This means the source (host) location "/var/lib/nvidia-docker/volumes/nvidia_driver/375.66"
is mounted in the docker container as "/usr/local/nvidia"
We can find the same thing by running the following command as well:
docker inspect nvidia_driver_375.66
=> This will also give us the host directory where this driver is located
(*) Now do the following:
---------------------------
cd /var/lib/nvidia-docker/volumes/nvidia_driver/
mv 375.66 375.66.ORIG
ln -s 384.90 375.66
Also, type the ldconfig command, to find where the shared libraries are
ldconfig -p | grep -E 'nvidia'
=> This will show something like this:
/usr/lib/nvidia-384/...
(*) Now do the following:
--------------------------
cd /usr/lib/
mv nvidia-375 nvidia-375-ORIG
ln -s 384.90 nvidia-375
(*) Restart and execute docker container:
-----------------------------------------
docker restart fbd211fc1edb (restart may not be needed)

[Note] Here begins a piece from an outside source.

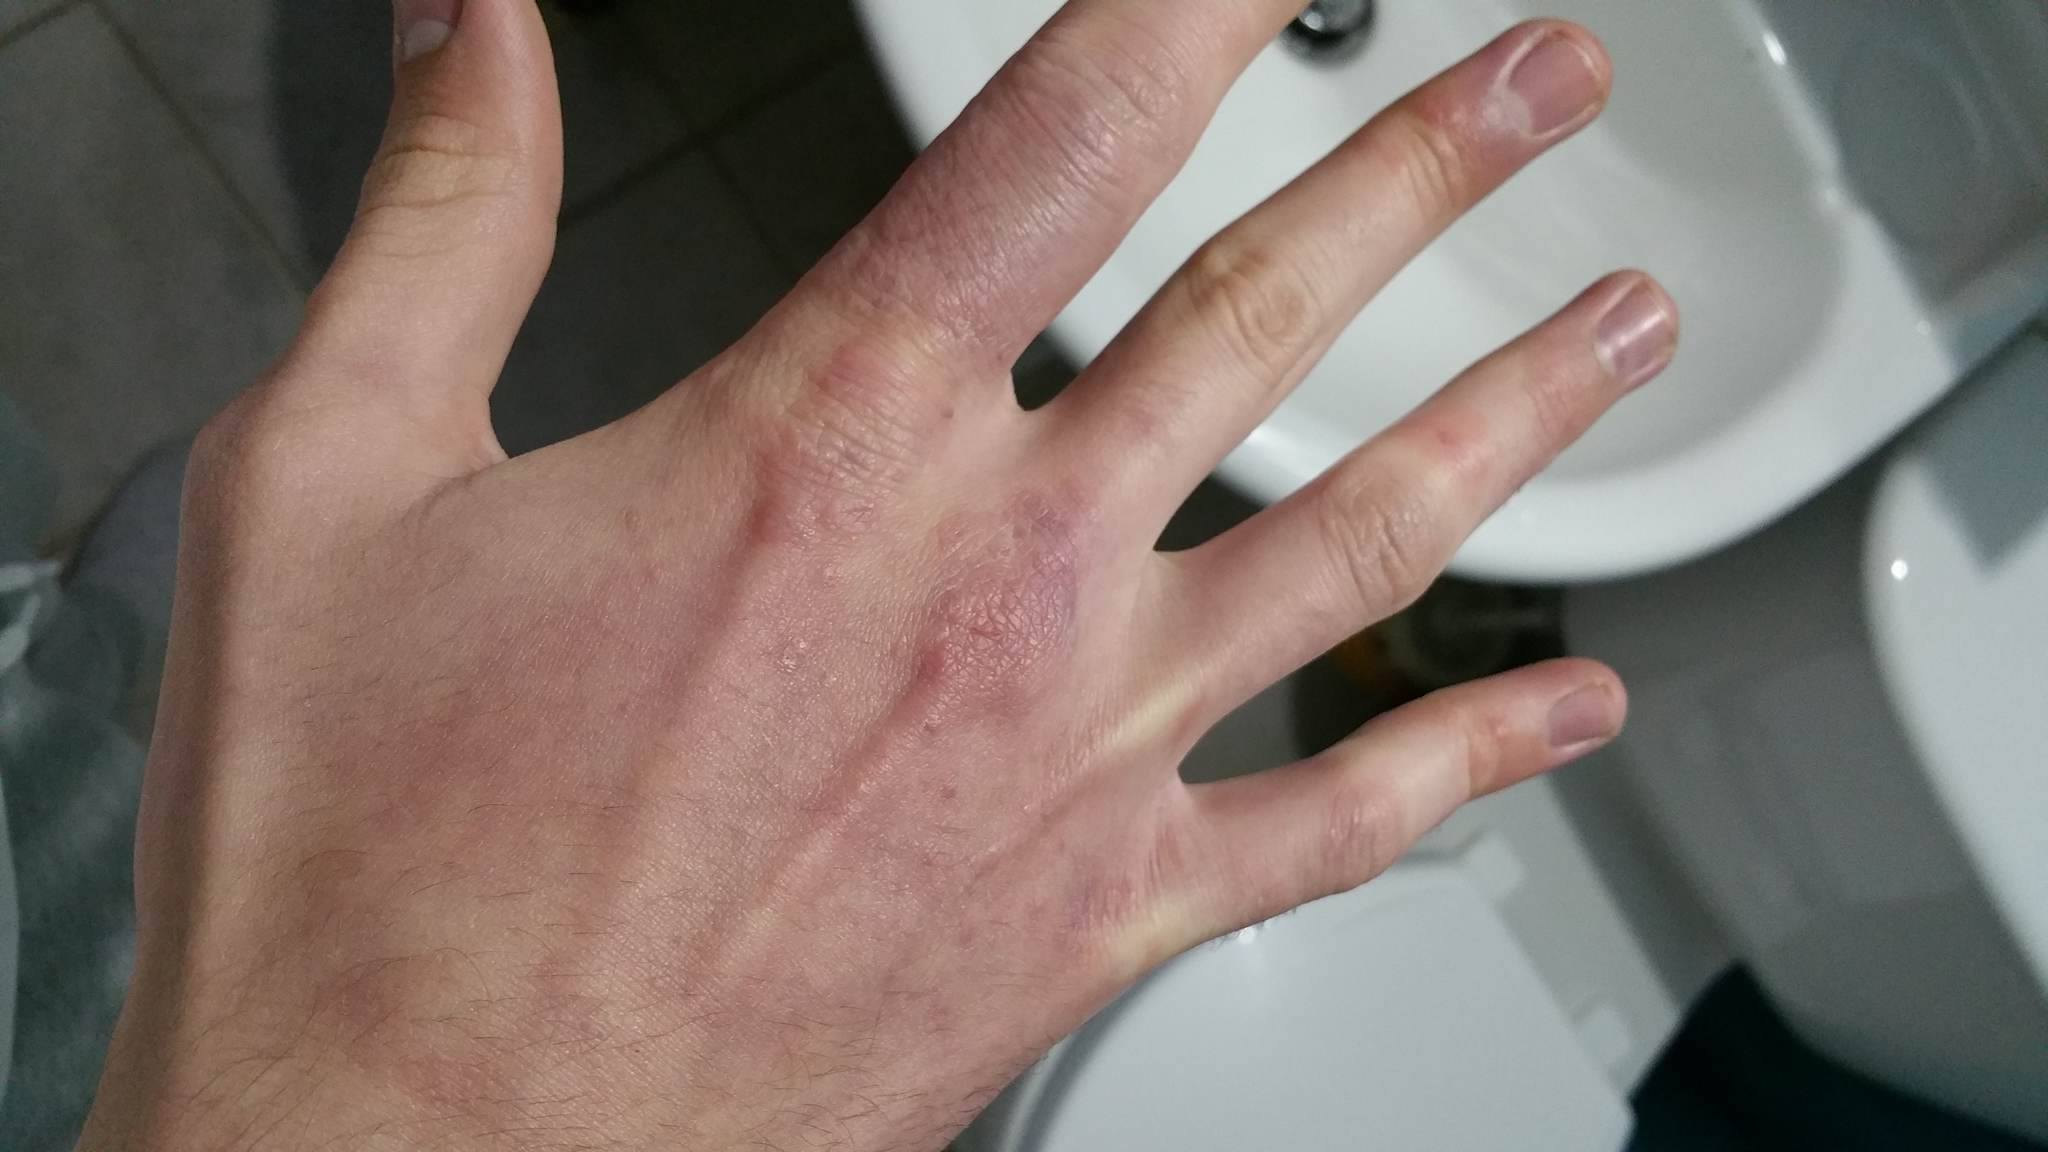 Hand Rash On Accutane Prescription Acne Medications By Nick100998

docker exec -it fbd211fc1edb bash
(*) When the host system upgraded the driver to 384.111 from 384.90 then it was even more trickier
We first created /var/lib/nvidia-docker/volumes/nvidia_driver/384.111
Then Copied /usr/lib/nvidia-384/* inside /var/lib/nvidia-docker/volumes/nvidia_driver/384.111/lib
Then nvidia-smi in the docker started to work
Now the cuda problem
=========================================
Option B: Just create another container
=========================================
Note: You can re-use the same image. We did that and the GPU started working in the newly
created container. Later on, once you are done copying contents from 1 container to another and
you are confident that everything is working upto expectation, then you can kill the previous
container
In this example we re-used the image "custom-agshift-docker-image-gpu
", but we re-mapped the docker port to a different port of the host machine:
nvidia-docker run -p 8889:8888 -p 6007:6006 --name custy-agshift-gpu-new1 \
-it -v /home/ubuntu/tf_files:/tf_files custom-agshift-docker-image-gpu
Note: here the docker port 8888, 6006 (Right side) binds to host port 8889, 6007 respectively
Open this port in Amazon AWS
Use the --volume option to get rid of this problem for future docker runs
nvidia-docker run -p 8891:8888 -p 6009:6006 -p 8091:8090 -p 9008:9007 \
--volume=nvidia_driver_384.90:/usr/local/nvidia:ro --name custy-agshift-gpu-oct24 \
-it -v /home/ubuntu/tf_files:/tf_files custom-agshift-docker-image-gpu
Restore cudNN
# Sometimes, this problem might come up, while running tensorflow:
ImportError: libcudnn.so.6: cannot open shared object file: No such file or directory
This happens because /usr/local/cuda/lib64 somehow does not have libcudnn.so.6 anymore.
So go to your respective docker container and download and install the cudnn v6
https://gist.github.com/mjdietzx/0ff77af5ae60622ce6ed8c4d9b419f45
# Vijay
CUDNN_TAR_FILE="cudnn-8.0-linux-x64-v6.0.tgz"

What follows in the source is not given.